As part of a long-standing scientific discussion, three main scenarios for the origin and evolution of introns have been formulated [4,5,6,7,8]. The introns-early theory assumes that introns were present in the common ancestor of all three domains of life—the last universal common ancestor (LUCA)—and were subsequently eliminated in the genomes of all representatives of bacteria and archaea.
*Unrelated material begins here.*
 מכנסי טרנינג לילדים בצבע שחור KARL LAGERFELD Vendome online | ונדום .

Similarly, some groups of eukaryotic organisms mainly lost introns, resulting in large differences in the number of introns embodied in the genomes of representatives living today.
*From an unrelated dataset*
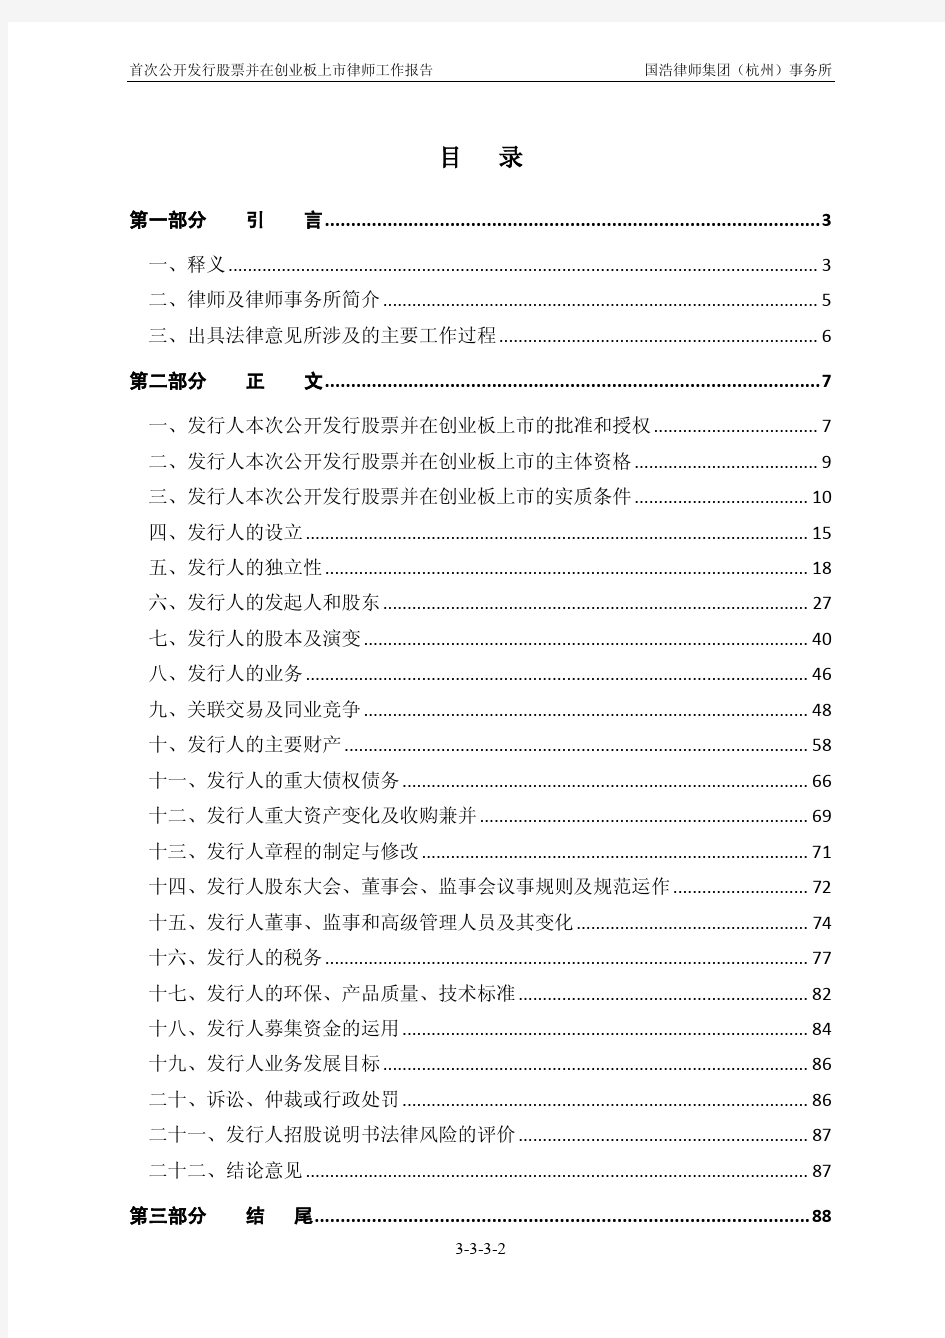 晶盛机电：国浩律师集团(杭州)事务所关于公司首次公开发行股票并在创业板上市的律师工作报告

In contrast, the introns-late theory places the origin of spliceosomal introns at a much later time, between the common ancestors of all modern eukaryotic organisms. The number of introns increased differently in diverse lineages mainly by the mechanism of reverse splicing and the insertion of transposable elements.

The third variant was brought by the theory called introns-first, which infers the presence of introns already at the very beginning of the creation of genes, even before the creation of DNA, in an environment in which all processes of transmission and implementation of hereditary information were mediated and controlled by RNA molecules, the so-called RNA world [9, 10].

The number and size of introns exhibit a great variability between the genomes of different present-day organisms. It was calculated that in the genomes of organisms with a lower intron density (approximately up to 3 introns per 1 kilobase pair, kbp) shorter introns (with an average length of about 75 bp) occur, without a significant correlation between density and length. On the contrary, in organisms with a higher density of introns, the positive correlation between density and length is already significant [8]. Among the so-called intron-poor organisms are a number of unicellular organisms, including, for example, the yeast Saccharomyces cerevisiae (with a density of about 0.05 introns per gene and an average length of 256 bp) [11]. The genomes of all vertebrates belong to the intron-rich group, of which the genomes of mammals show the highest density and length of introns (approximately 8 introns per gene with an average length of around 6 kbp) [6, 12]. In intron-rich organisms, we can find a great variability in the number and size of introns, even among individual genes.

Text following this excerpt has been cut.